==== The data

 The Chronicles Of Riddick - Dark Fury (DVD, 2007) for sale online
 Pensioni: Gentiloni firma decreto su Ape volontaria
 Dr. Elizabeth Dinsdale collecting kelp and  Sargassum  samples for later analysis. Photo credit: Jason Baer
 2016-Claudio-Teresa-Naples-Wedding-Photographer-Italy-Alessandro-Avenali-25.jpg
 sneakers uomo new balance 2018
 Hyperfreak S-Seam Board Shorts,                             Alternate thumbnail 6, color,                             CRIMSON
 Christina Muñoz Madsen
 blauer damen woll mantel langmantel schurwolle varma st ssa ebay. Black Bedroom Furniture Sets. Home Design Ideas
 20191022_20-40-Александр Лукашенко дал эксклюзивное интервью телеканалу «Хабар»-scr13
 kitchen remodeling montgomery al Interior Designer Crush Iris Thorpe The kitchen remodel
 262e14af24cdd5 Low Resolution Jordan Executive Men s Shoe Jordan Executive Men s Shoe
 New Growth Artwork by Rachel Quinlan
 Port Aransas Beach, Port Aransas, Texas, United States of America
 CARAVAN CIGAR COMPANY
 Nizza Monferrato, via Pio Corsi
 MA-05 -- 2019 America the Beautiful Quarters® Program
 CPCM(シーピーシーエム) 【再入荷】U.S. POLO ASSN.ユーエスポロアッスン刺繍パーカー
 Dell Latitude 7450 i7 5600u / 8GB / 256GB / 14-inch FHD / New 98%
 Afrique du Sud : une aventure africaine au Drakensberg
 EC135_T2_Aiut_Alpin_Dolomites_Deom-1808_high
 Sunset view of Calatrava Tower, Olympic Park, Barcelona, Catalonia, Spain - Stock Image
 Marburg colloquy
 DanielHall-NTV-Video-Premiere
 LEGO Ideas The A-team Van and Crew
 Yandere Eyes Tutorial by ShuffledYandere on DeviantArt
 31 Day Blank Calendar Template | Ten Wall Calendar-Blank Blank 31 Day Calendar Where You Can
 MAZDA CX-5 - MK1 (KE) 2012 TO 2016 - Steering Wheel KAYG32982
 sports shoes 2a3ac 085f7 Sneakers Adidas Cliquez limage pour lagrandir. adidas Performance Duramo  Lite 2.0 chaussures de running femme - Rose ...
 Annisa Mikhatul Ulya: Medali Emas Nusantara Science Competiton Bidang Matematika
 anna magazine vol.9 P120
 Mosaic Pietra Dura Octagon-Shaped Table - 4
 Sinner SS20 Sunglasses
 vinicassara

========

*Task statement*: Exact reproduction of every entry is needed.

*Response area*:
 The Chronicles Of Riddick - Dark Fury (DVD, 2007) for sale online
 Pensioni: Gentiloni firma decreto su Ape volontaria
 Dr. Elizabeth Dinsdale collecting kelp and  Sargassum  samples for later analysis. Photo credit: Jason Baer
 2016-Claudio-Teresa-Naples-Wedding-Photographer-Italy-Alessandro-Avenali-25.jpg
 sneakers uomo new balance 2018
 Hyperfreak S-Seam Board Shorts,                             Alternate thumbnail 6, color,                             CRIMSON
 Christina Muñoz Madsen
 blauer damen woll mantel langmantel schurwolle varma st ssa ebay. Black Bedroom Furniture Sets. Home Design Ideas
 20191022_20-40-Александр Лукашенко дал эксклюзивное интервью телеканалу «Хабар»-scr13
 kitchen remodeling montgomery al Interior Designer Crush Iris Thorpe The kitchen remodel
 262e14af24cdd5 Low Resolution Jordan Executive Men s Shoe Jordan Executive Men s Shoe
 New Growth Artwork by Rachel Quinlan
 Port Aransas Beach, Port Aransas, Texas, United States of America
 CARAVAN CIGAR COMPANY
 Nizza Monferrato, via Pio Corsi
 MA-05 -- 2019 America the Beautiful Quarters® Program
 CPCM(シーピーシーエム) 【再入荷】U.S. POLO ASSN.ユーエスポロアッスン刺繍パーカー
 Dell Latitude 7450 i7 5600u / 8GB / 256GB / 14-inch FHD / New 98%
 Afrique du Sud : une aventure africaine au Drakensberg
 EC135_T2_Aiut_Alpin_Dolomites_Deom-1808_high
 Sunset view of Calatrava Tower, Olympic Park, Barcelona, Catalonia, Spain - Stock Image
 Marburg colloquy
 DanielHall-NTV-Video-Premiere
 LEGO Ideas The A-team Van and Crew
 Yandere Eyes Tutorial by ShuffledYandere on DeviantArt
 31 Day Blank Calendar Template | Ten Wall Calendar-Blank Blank 31 Day Calendar Where You Can
 MAZDA CX-5 - MK1 (KE) 2012 TO 2016 - Steering Wheel KAYG32982
 sports shoes 2a3ac 085f7 Sneakers Adidas Cliquez limage pour lagrandir. adidas Performance Duramo  Lite 2.0 chaussures de running femme - Rose ...
 Annisa Mikhatul Ulya: Medali Emas Nusantara Science Competiton Bidang Matematika
 anna magazine vol.9 P120
 Mosaic Pietra Dura Octagon-Shaped Table - 4
 Sinner SS20 Sunglasses
 vinicassara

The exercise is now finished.